Jan. 16 (Bloomberg) -- Texas Governor Rick Perry asked a U.S. appeals court to place his name on the ballot for the Virginia Republican presidential primary or to halt the printing of ballots pending his appeal.
Perry filed his emergency request yesterday with the U.S. Court of Appeals in Richmond, Virginia. Newt Gingrich joined him in an appeal filed Jan. 14 with the same court. The presidential hopefuls are challenging a Virginia law requiring that people gathering signatures for a candidate’s petition to appear on the ballot be eligible to vote in the state.
On Jan. 13, U.S. District Judge John Gibney in Richmond ruled that Perry, Gingrich and two other Republican presidential candidates waited too long to challenge the eligibility requirements for Virginia’s primary ballot. The candidates say the rule violates their rights under the First Amendment of the U.S. Constitution.
“The court abused its discretion in determining movant rested on his rights for such a period of time to allow the commonwealth to trample on movant’s First Amendment rights,” Perry said in a filing yesterday.
Perry’s lawsuit, filed Dec. 27, sought a temporary order to halt Virginia officials from printing the ballots, or to require them to include his name on them.
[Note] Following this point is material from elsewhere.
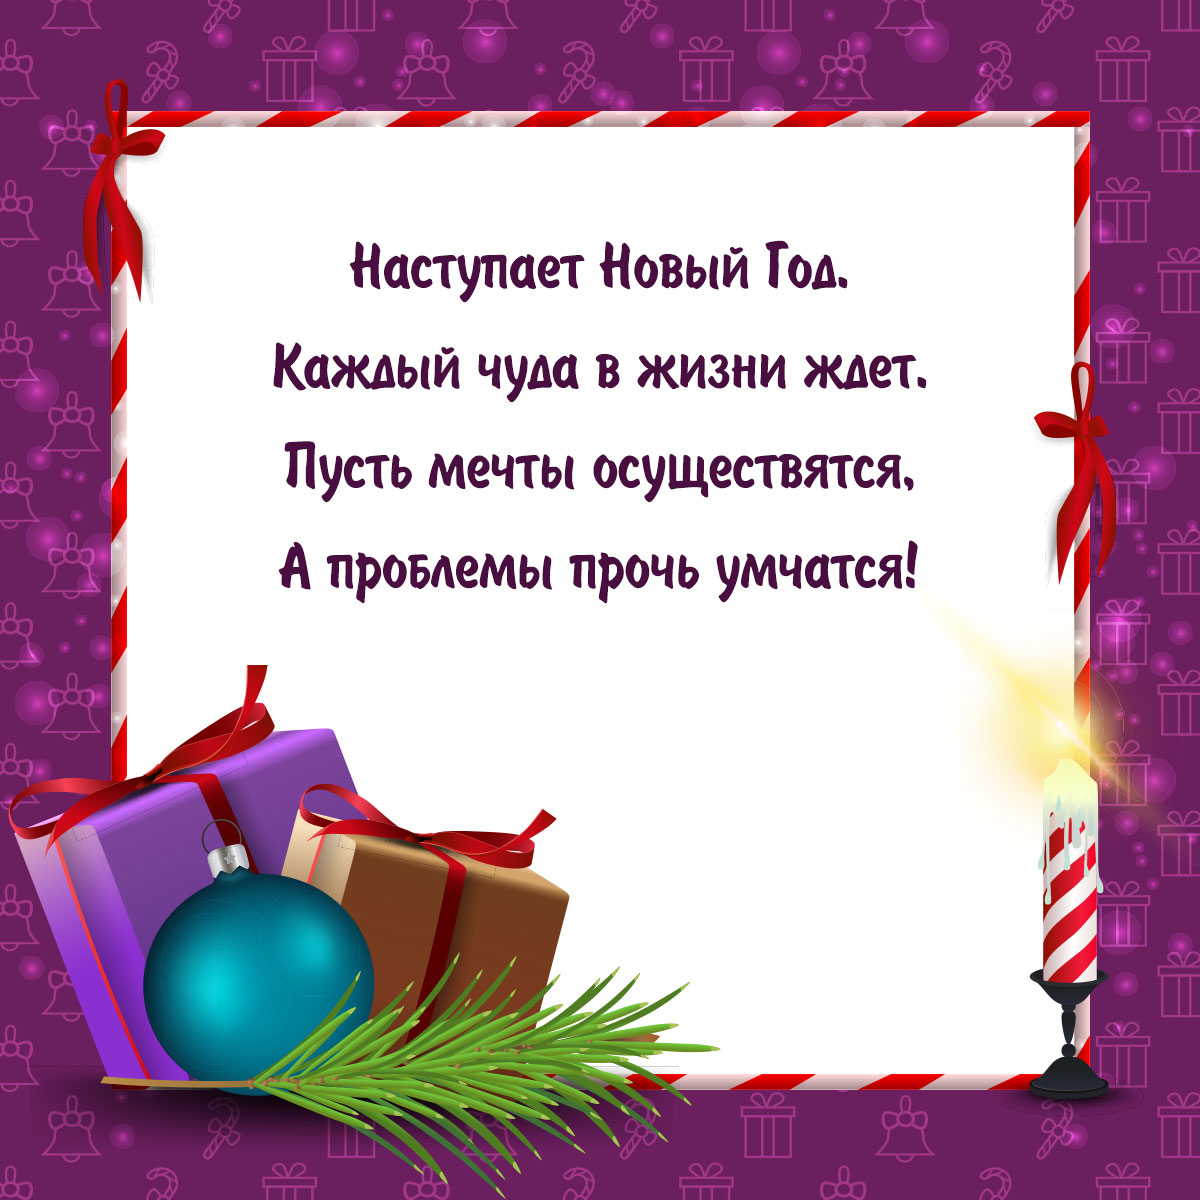 Картинка поздравление коллег с новым годом в стихах вна белом фоне в пурпурной рамке с коробками подарков.

Gibney denied a challenge by Perry, Gingrich, Rick Santorum and Jon Huntsman, who argued Virginia’s primary rules requiring those seeking to have their names placed on the ballot submit 10,000 signatures from valid Virginia voters are improper and unconstitutional. Huntsman dropped out of the race today and endorsed frontrunner Mitt Romney. He was running last in an average of three statewide polls in South Carolina, which will hold its primary on Jan. 21.
“This appeal seeks higher court action to protect the rights of presidential candidates and Virginia voters so those voters have a full access to the Republican candidates of their choice,” said Ray Sullivan, a spokesman for the Perry campaign, in an e-mail yesterday. R.C. Hammond, a spokesman for the Gingrich campaign, didn’t respond to an e-mail yesterday seeking comment on the appeal.
In its response, the office of Virginia Attorney General Kenneth Cuccinelli asked the appeals court to reject Perry’s request, saying the governor’s challenge came too late and he didn’t have enough signatures to begin with.
“Governor Perry is not being denied a place on the ballot because of the circulator residency/voter eligibility requirement,” according to the filing. “He is being denied a place on the ballot because he did not meet the constitutionally sound requirement of submitting 10,000 valid signatures by the constitutionally valid deadline.”
Virginia’s rule requiring petition circulators to be eligible voters is probably unconstitutional, Gibney said during a hearing where he issued his ruling. Still, he told the candidates’ lawyers that they waited almost six months from the day signatures could be collected to file a lawsuit, a delay he called “unreasonable.”
Adding the names to the March 6 ballot now would jeopardize the state’s primary process, the judge said.
In yesterday’s filing, Perry argued he sued on the same day the names of the candidates who qualified for Virginia’s primary were scheduled to be certified by the state.
Perry “cannot be charged with a lack of diligence prior to submitting his petition signatures, as he reasonably expected to be able to acquire the number required” under Virginia law, according to the filing.
Romney, the former governor of Massachusetts, and U.S. Representative Ron Paul of Texas are the only Republicans to make it onto the ballot for Virginia’s primary on so-called Super Tuesday.
Cuccinelli argued in court papers last week that materials for the primary needed to go to the printer immediately to meet legal deadlines for getting ballots to absentee and overseas voters.
The district court case is Perry v. Judd, 3:11-cv-00856, U.S. District Court, Eastern District of Virginia (Richmond). The appeal is Perry v. Judd, 12-1067, U.S. Court of Appeals for the Fourth Circuit (Richmond).